It's an interesting band name to be sure, meaning a 'word square' or a 'composition in which the initial or ending letters form a word/phrase'. Yes I did look that up. In contrast, Acrostichon may not have been quite so interesting as far as their style on this early release, Lost Remembrance, which came amidst a series of demo tapes and a few years before their oft lauded full-length debut Engraved in Black. One of the tracks here was remade from the band's 1990 Prologue demo, while the other pair are new to this release. Acrostichon could be viewed as a sort of midpoint between the Swedish and Florida scenes, which today might be a given for any death metal band, but in those days was a little less common. They've got a dense, ripping guitar tone and brutal vocals like some of the earlier Swede bands (Nihilist, God Macabre, etc) but a more morbid sense of aesthetics that recount Death, Obituary, and Autopsy.
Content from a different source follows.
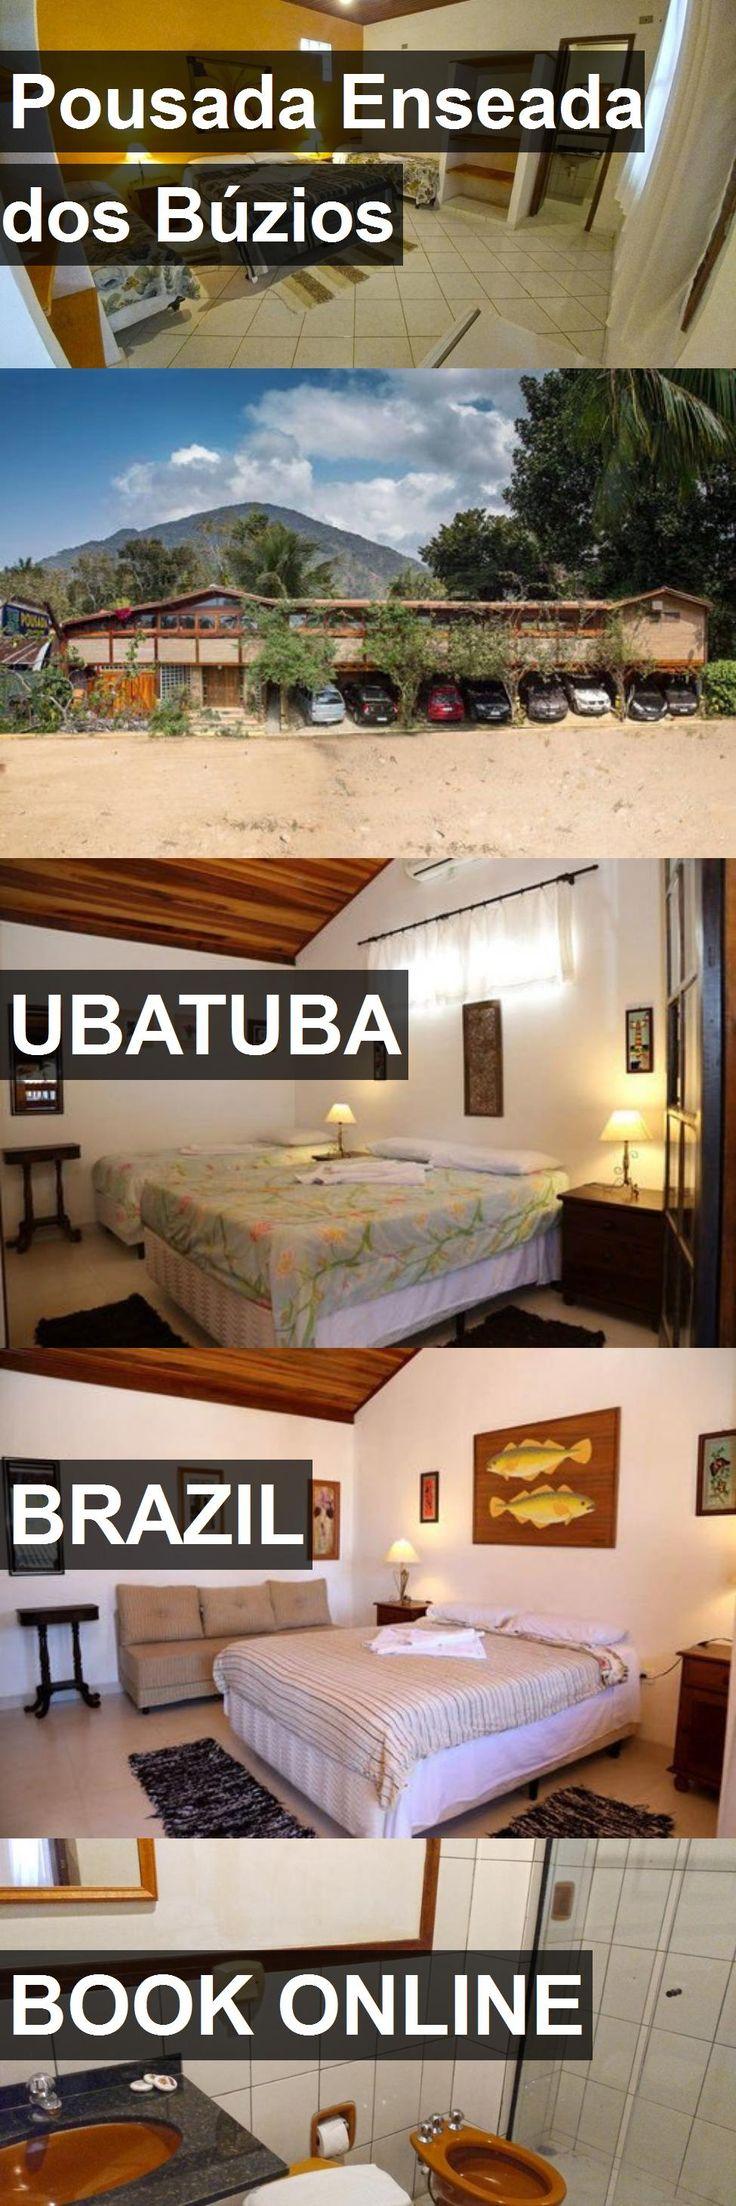 Hotel Pousada Enseada dos Búzios in Ubatuba, Brazil. For more information, photos, reviews and best prices please follow the link. #Brazil #Ubatuba #PousadaEnseadadosBúzios #hotel #travel #vacation

All of these bands were relatively new themselves at this time, so the second wave was already taking their various pieces and reconstructing them into somewhat unique sounds of their own, and I think this is where a band like Acrostichon fit in rather snugly. These are brutal and simple compositions, the sort that have strangely come back into style (for the better) in recent years, and one shouldn't expect any of the climactic riffing of Pestilence or the more subtle intrigues of Creepmime. "Lost Remembrance" and "Mental Deficiency" are both midpaced sluggers that wrench and twist the guts out below Corinne's disgusting vocals. Oh, by the way, yes, they've got one of the original death metal frontwomen (vocals and bass), and she kicks fucking ass, with some of the swampiest, most mangled grunts of her day! "Dehumanized" has a little more thrust to it, a burst of grinding death after a brooding, brief clean guitar intro.
None of these songs excel in the riff department, but what they provide is a very staunch, morbid atmosphere which so many bands have returned to in the 21st century that you wonder why and how the magic was ever lost. The one huge downside to this particular release is that all three of the tracks appear on Engraved in Black, and the production on that album is monstrous compared to this rougher takes, so the actual value of Lost Remembrance is lost outside of the vinyl collectors and purists. But the material here is convincing enough to note that Acrostichon were onto something years before they made a wider splash, so if you're a younger fan of the genre just getting into the primal, old school fundamentals of death metal, give the band a listen!